The General Motors logo is seen outside its headquarters at the Renaissance Center in Detroit, Michigan August 25, 2009. REUTERS/Jeff Kowals
The General Motors logo is seen outside its headquarters at the Renaissance Center in Detroit, Michigan August 25, 2009. REUTERS/Jeff Kowals

UNDATED (WSAU-Wheeler News)  Families of three Wisconsin victims in a 2006 traffic crash linked to General Motors' faulty ignition switches have yet to decide whether to take a company settlement. Ken Rimer says the families will meet with their lawyer tomorrow after G-M announced a compensation fund yesterday.

18-year-old Natasha Weigel and 15-year-old Amy Rademacher were killed when their car stalled, veered off a road, and slammed into trees in rural Saint Croix County in far western Wisconsin. The driver, 17-year-old Megan Phillips, suffered brain damage. G-M has admitted that one of the girls died directly from the ignition problem, because an air bag in front of her had not deployed.
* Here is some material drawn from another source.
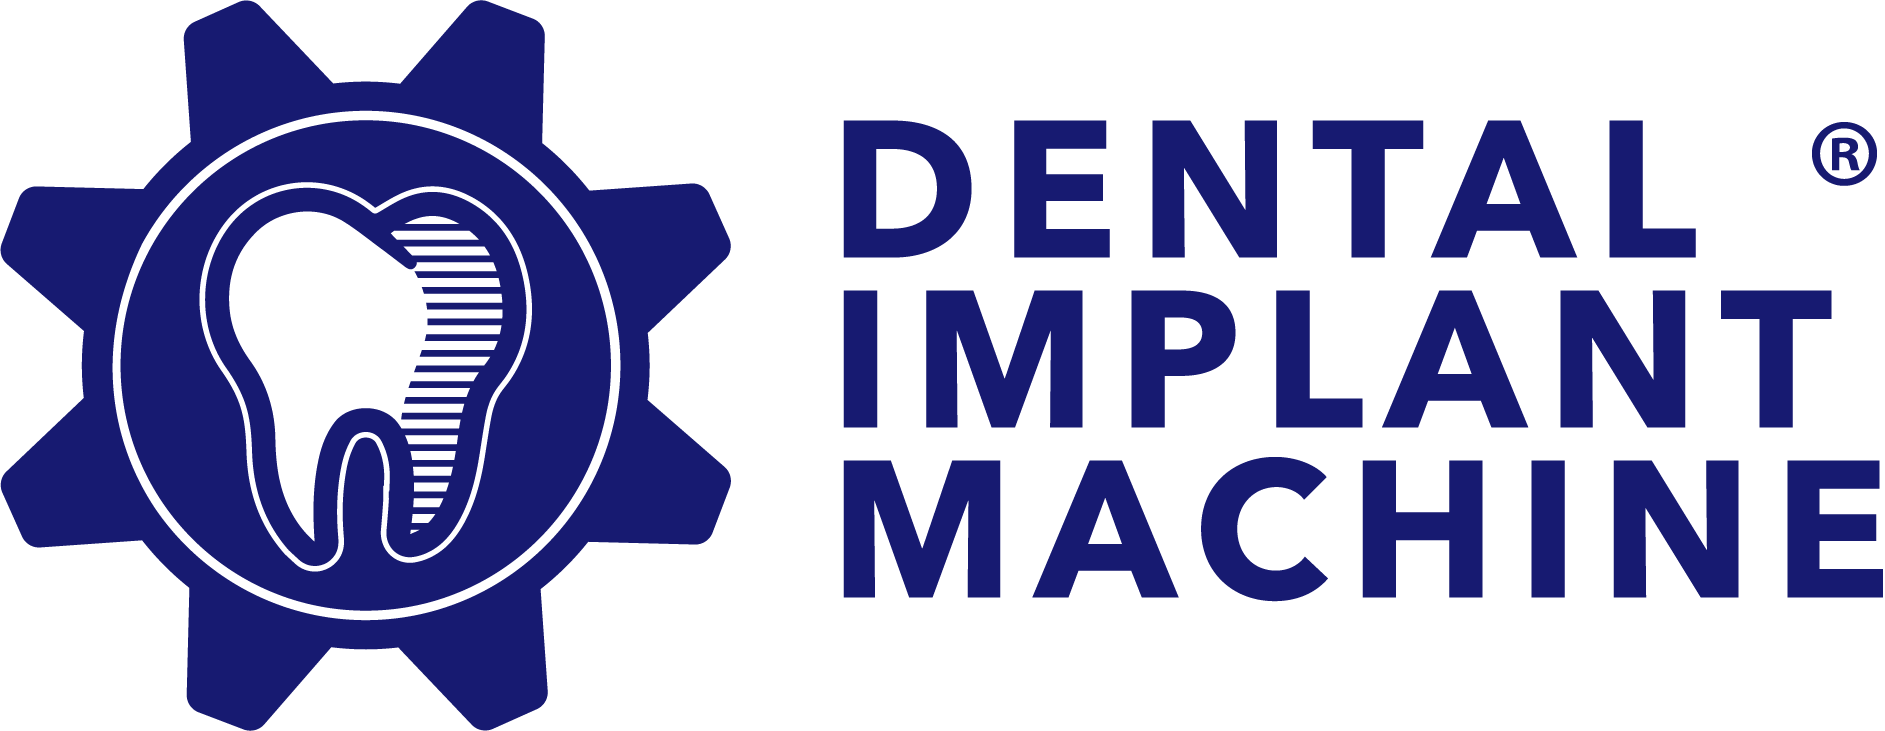 Dental Implant Machine logo

Yesterday G-M said all passengers in such crashes would be eligible for compensation, after refusing to compensate back seat riders previously.

The three Wisconsin families have a lawsuit pending. Rimer says he'll need to know more before deciding whether to drop the suit and accept G-M's compensation. Amounts have not been disclosed, but company settlement administrator Kenneth Feinberg said families would know the offers before having to decide whether to take them.